In 1991, 9 Mitsuno et al. reported a measurement system based on a hydrostatic pressure-balancing method that uses a water bag for measuring clothing pressure, whereas Ito 10 and Kominami 11 published a contact method of measuring clothing pressure with an air bag. The former study adopted water as a pressure medium in a pressure detector, whereas the latter adopted air. Both media have their advantages and disadvantages. Water is difficult to compress and has a coefficient of thermal expansion lower than that of air, and thus provides much better measurement accuracy. However, the potential energy relating to the height between the water bag and the transducer must be considered. In other words, when using a pressure detector, the pressure transducer must be set at the same height as the water bag. In contrast, there is no problem of potential energy if air as a pressure medium is chosen. However, air is more easily compressed than water. The bag must therefore be sufficiently filled with air so that the opposite sides do not come into contact with each other when the bag is pressed, and the bag of the pressure detector is thus thicker and stiffer than the water bag.
Pressure acting on body parts that are more rigid than the pressure detector is then measurable.
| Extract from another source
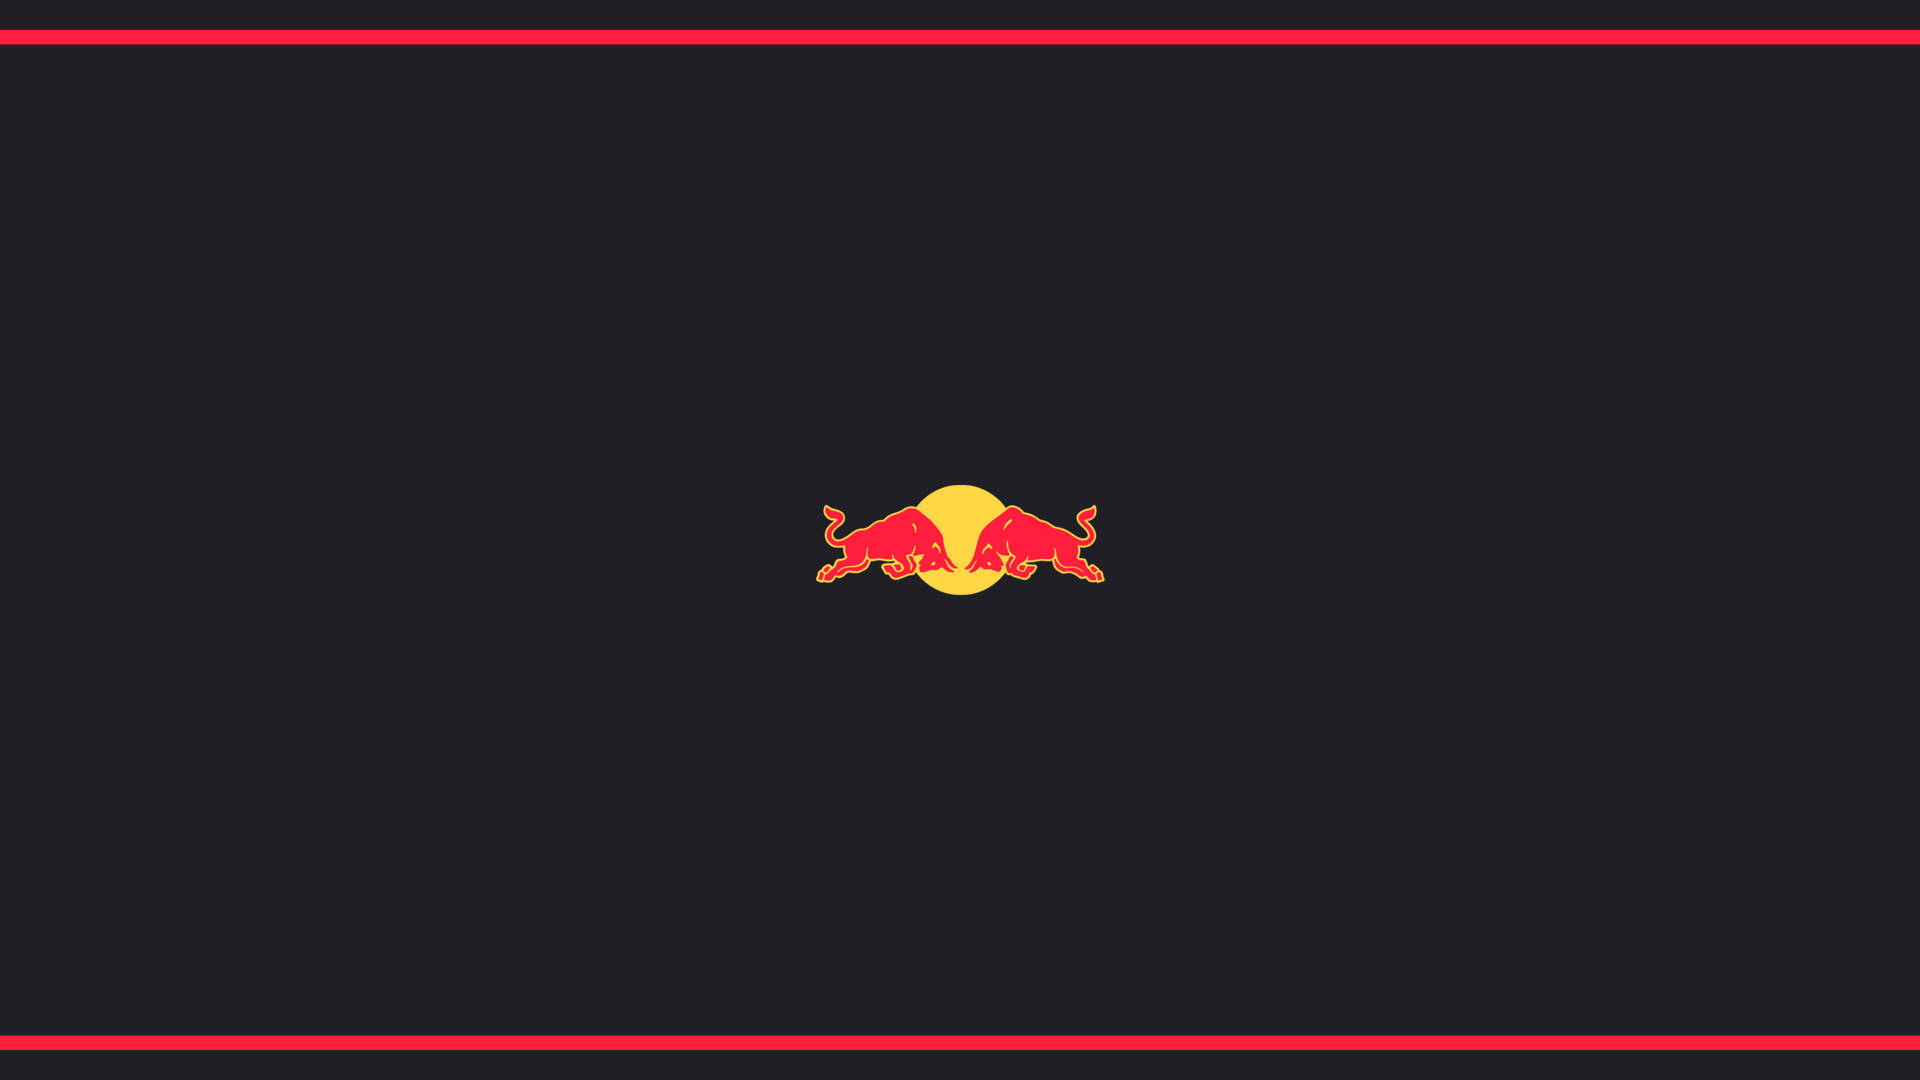 Minimalist Red Bull Vector Wallpaper

However, the pressure values will be erroneously low when the pressure detector is stiff because the pressure detector is buried in a soft body region, such as a region of subcutaneous fat in the abdomen of women. Measurement is impossible with a stiff detector that is unable to bend along the small radius of curvature in a measured body region. In addition, the time constant as an index of the response speed of transient phenomena is large, the air bag does not seem able to follow respiratory movements more quickly than about 0.3 Hz, and the resolving power is poor.
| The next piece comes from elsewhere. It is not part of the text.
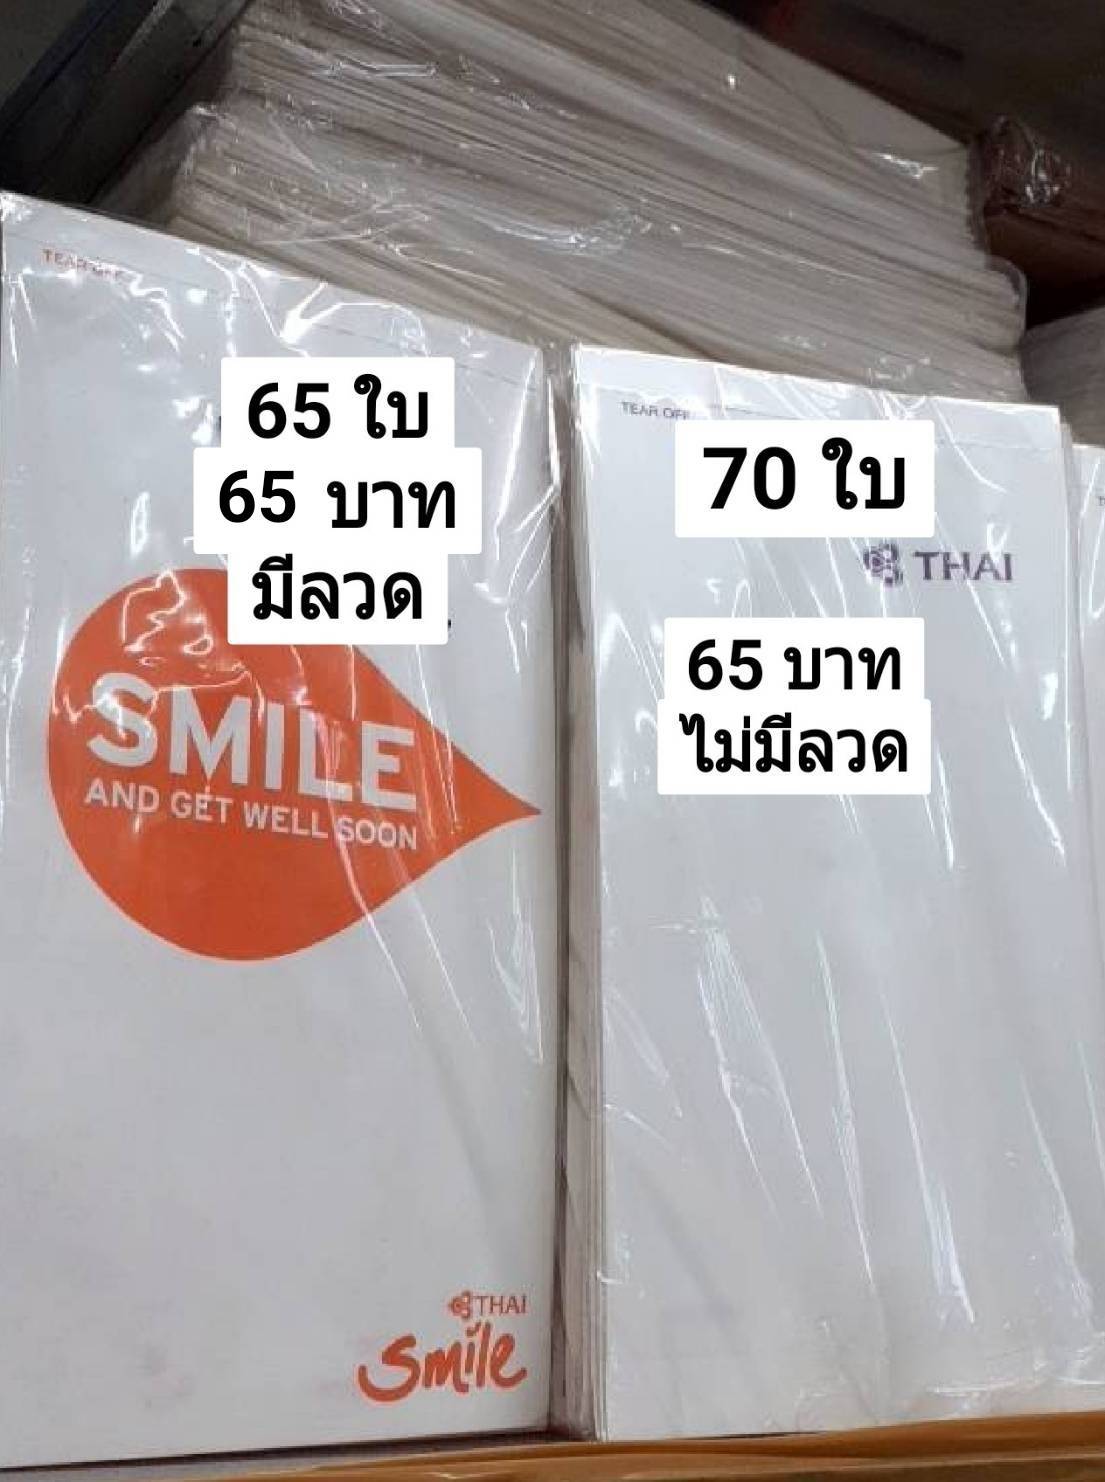 ถุงกระดาษใส่เครื่องสำอางค์,น้ำหอม ไว้ขาย ตรา การบินไทย ,Smile มีลวดและไม่มีลวดตามภาพโปรดระบุ

In the scenario of orthopedic medical care for the treatment of a scar, Giele et al. 12 reported that a proposed method of inserting a needle connected to a low-speed pressure transducer under the skin performs better than making a measurement between the skin and boundary surface of a garment. This method does not need to insert a sensor between the skin and a garment, and the wearing conditions are therefore not changed in measuring clothing pressure. However, the method is not suited to the present study because the participants feel pain. Sawada 13 measured the clothing pressure of a pressure suit using a rubber balloon connected to a volume of mercury as a pressure detector. He reported that the relation between the load and the reading of the system was linear from 0 to 88 mmHg (117.3 hPa). However, as Watanabe et al. 14 pointed out, when a pressure detector is made from a stretching material, such as rubber, the contact area is affected by the intensity of pressurization and the relation between the reading of the system and load on the pressure detector is not linear.
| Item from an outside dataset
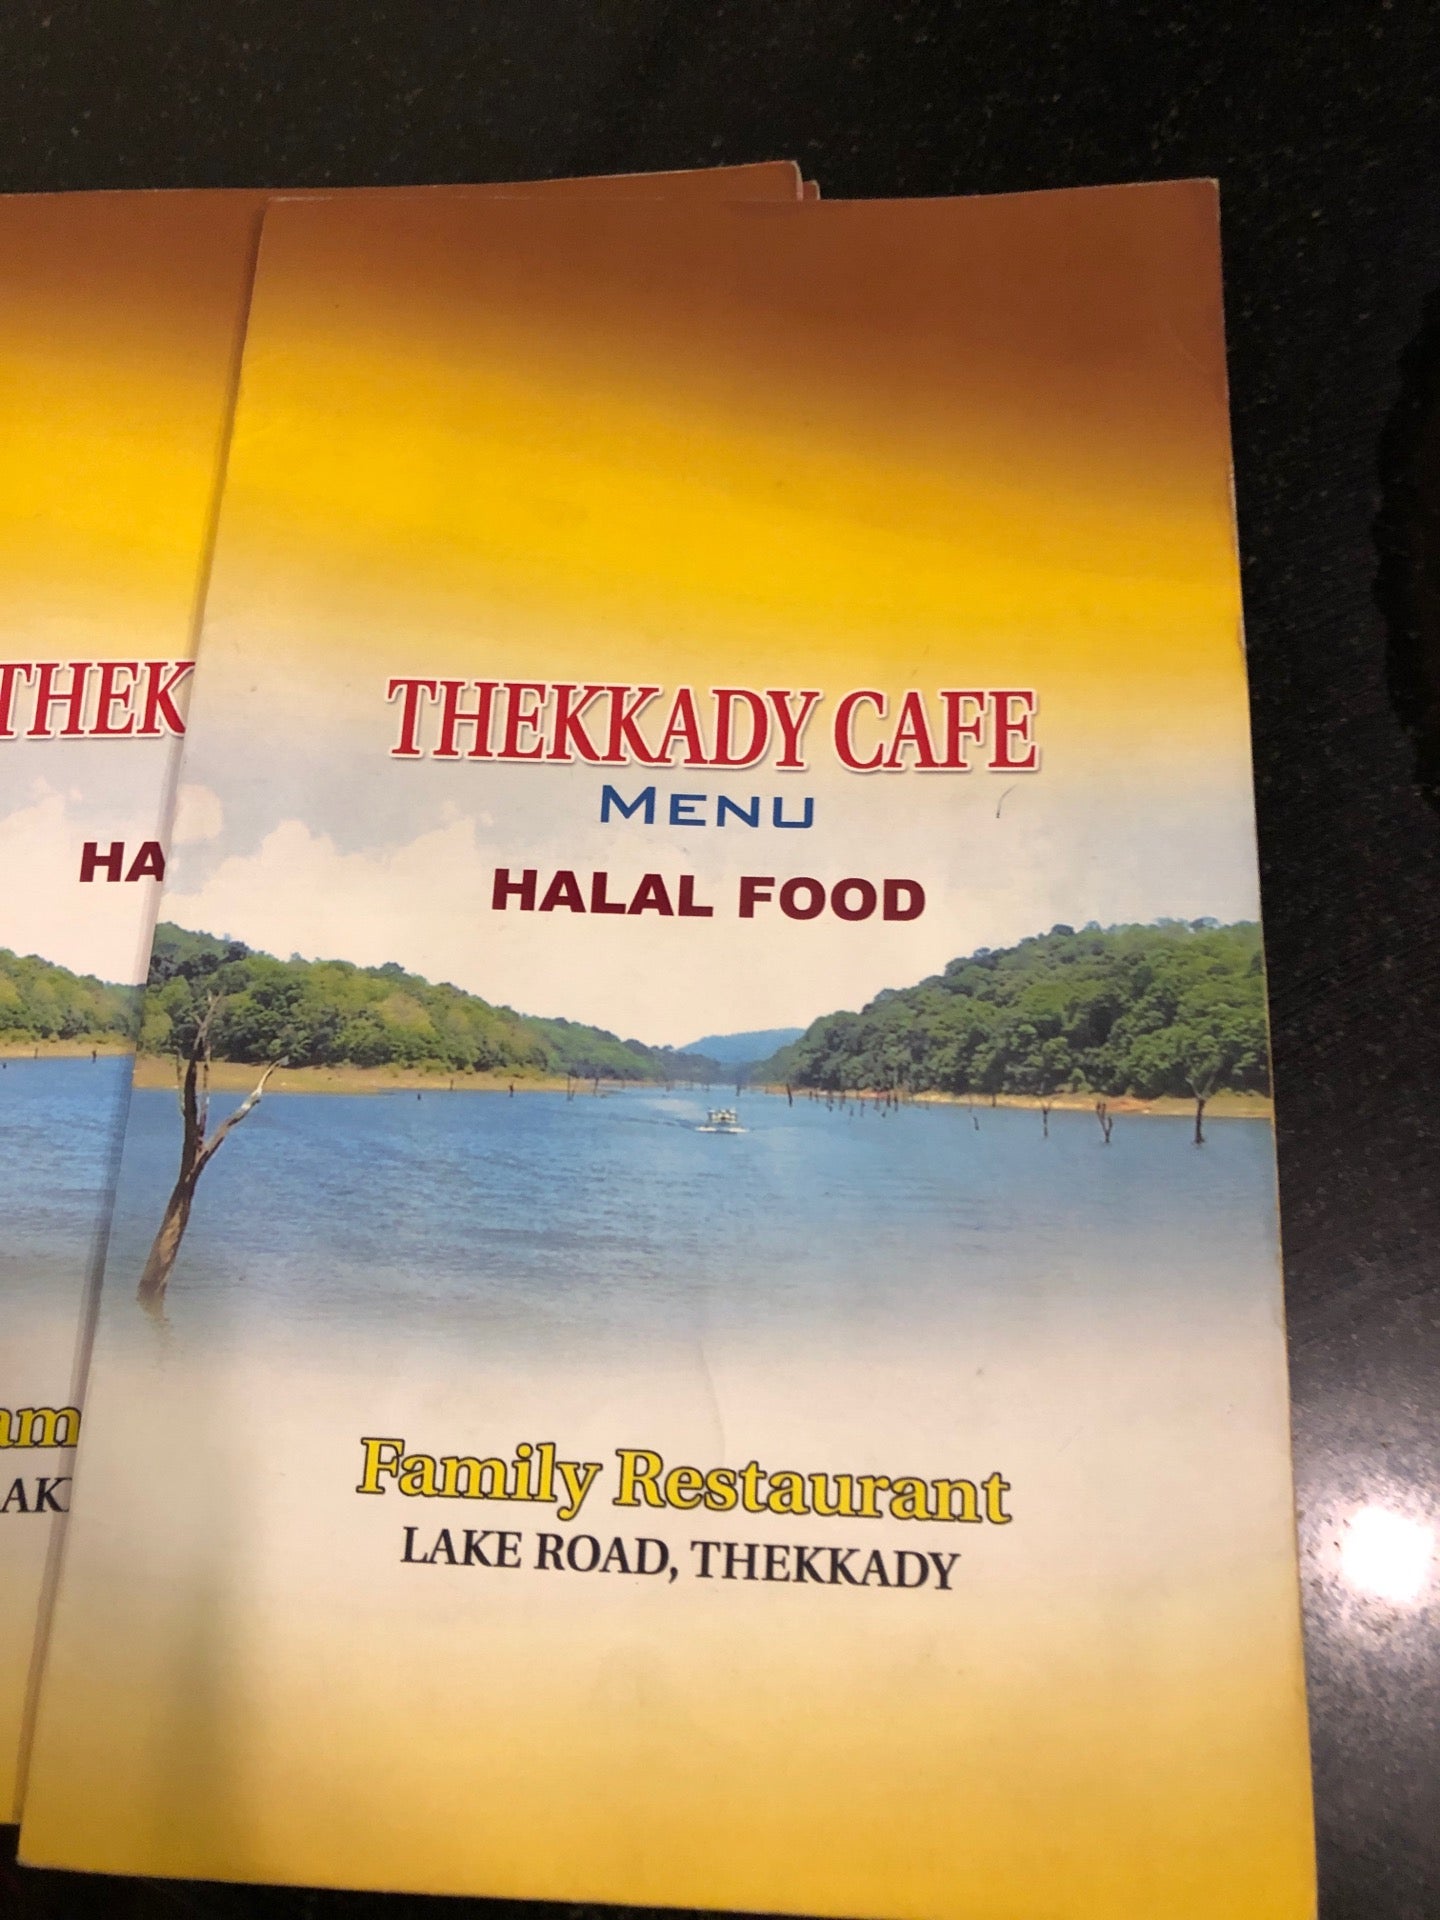 Thekkady Cafe

Ferguson et al. 15 reported on Flexi-Force. This is a sensor made from two layers of polyester film buried in conductive silver materials and filled with pressure-sensitive ink and it does not respond to pressurization with water. A sheet sensor is similar to a Flexi-Force sensor. Therefore, neither the Flexi-Force sensor nor sheet sensors, which are rigid thin sensors buried in soft materials without distortion, respond to a soft material such as water.
Flexible pressure sensors advocated by Wang et al. 16 can measure pressure in a range (0–8 MPa) wider than that of clothing pressures experienced in everyday life and were developed to measure the shock transmitted through a protective suit. Such sensors have a slightly larger diameter of 35 mm and thickness of 3 mm. For example, the comfort pressure acting on the abdomen when a woman is standing is low, at 5 hPa, and a measuring range of approximately 0–90 hPa is sufficient even for someone who is working, except when measuring the pressure imparted by shoes. The measuring systems described above are unsuitable for the present study owing to their size and hardness. Our ultimate goal is to obtain basic information that can serve as a reference when designing comfortable compression products.
Experimental method
Measuring system for clothing pressure
Renewed system
The present study therefore renewed the measuring system, employing a hydrostatic pressure-balancing method for clothing pressure.9,17 In addition, a pressure detector (Pouch) was constructed because of the lack of available options. A high-performance measuring system for clothing pressure was rebuilt, and how band pressure depends on the whole body was examined when using this system.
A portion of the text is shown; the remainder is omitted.